The reason for AT&T’s low stock price and corresponding high yield is concerns over the company’s large acquisitions of both DirecTV and Time Warner. These acquisitions have leveraged AT&T’s balance sheet. The company’s debt-to-EBITDA ratio will be around 2.8x at the end of fiscal 2018.
Management is prioritizing debt reductions. The company expects to reduce its debt-to-EBITDA ratio down to 2.5x by the end of fiscal 2019.
AT&T expects tremendous free cash flows (operating income less capital expenditures) of $26 billion in fiscal 2019 against an interest expense of approximately $8.5 billion and dividends in the range of $14 to $15 billion.
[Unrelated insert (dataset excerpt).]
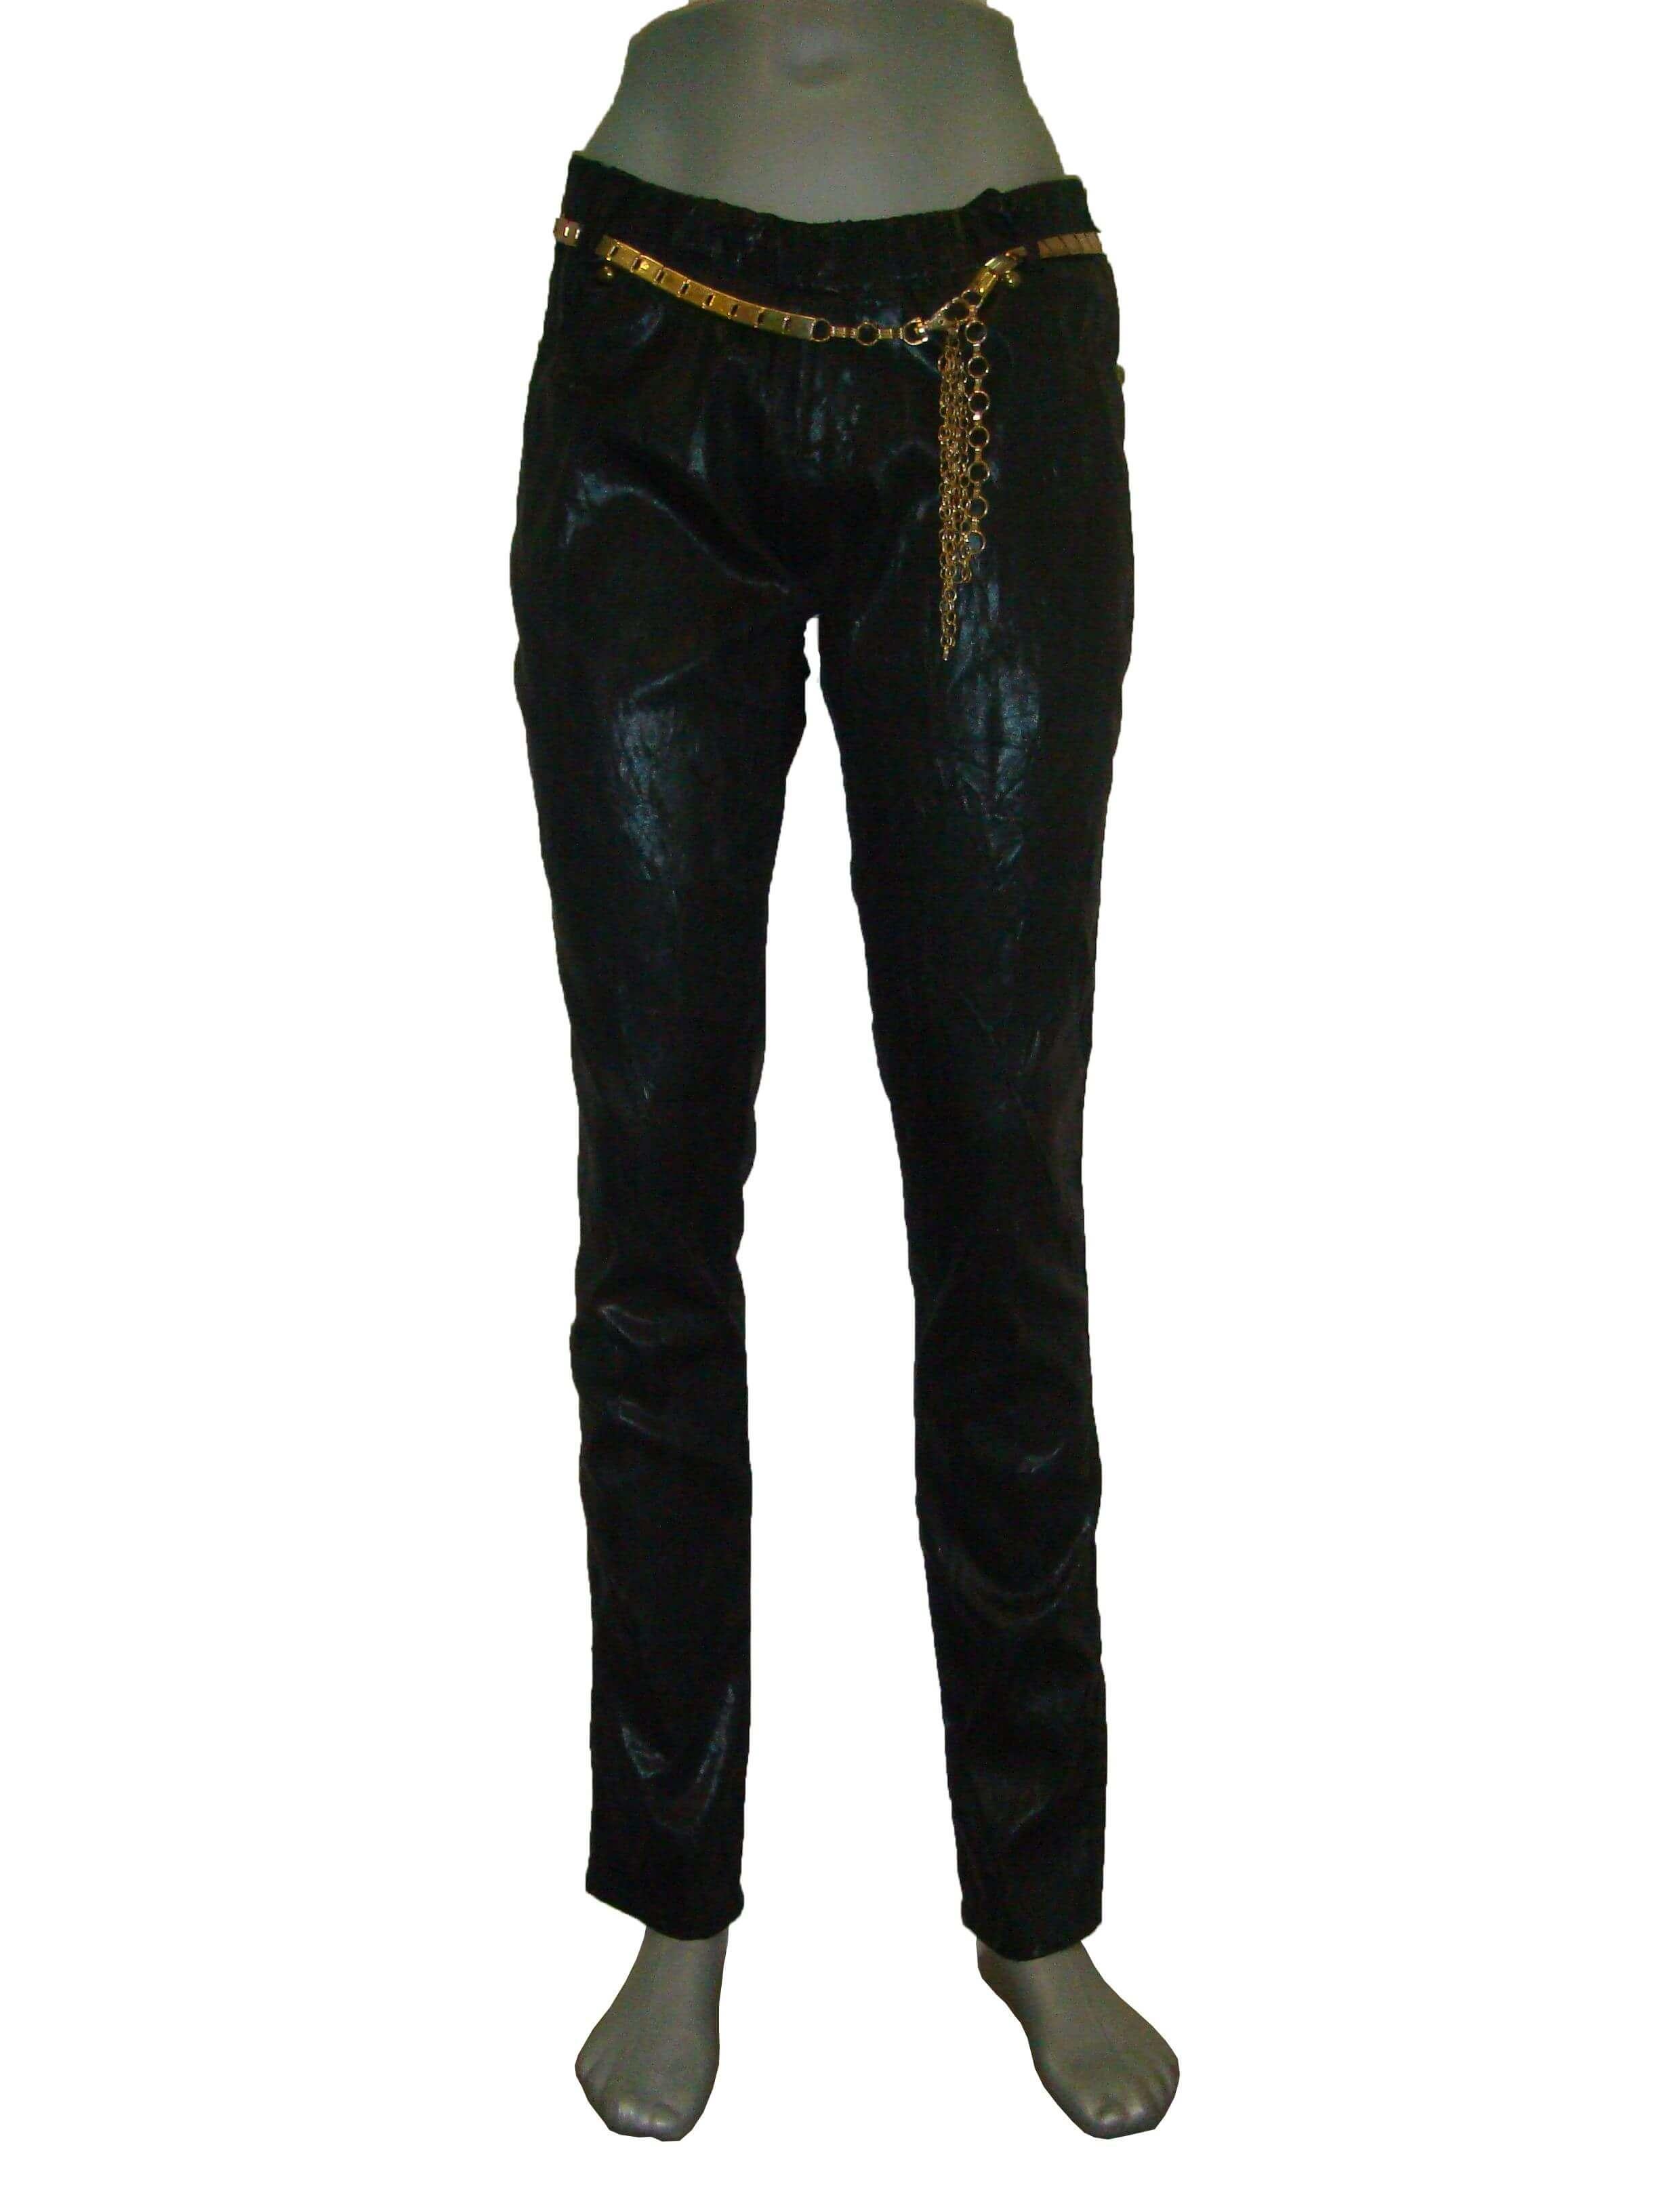 Лосины женские черные, с металлическим поясом

This leaves billions in additional cash flows to pay down debt.
While the market is penalizing AT&T for debt incurred from its recent acquisitions, it has failed to recognize the increased cash flow and growth potential of AT&T resulting from the same acquisitions.
Synergies from the TimeWarner acquisition are expected to reach $2.5 billion annually by 2021, with $1.5 billion of that being cost reductions. The TimeWarner acquisition significantly boosts AT&T’s content creation ability.
The company is well positioned to grow earnings-per-share and dividends for years to come. Pessimism and resulting low share prices and high yields make now an opportune time to invest in AT&T for the long run.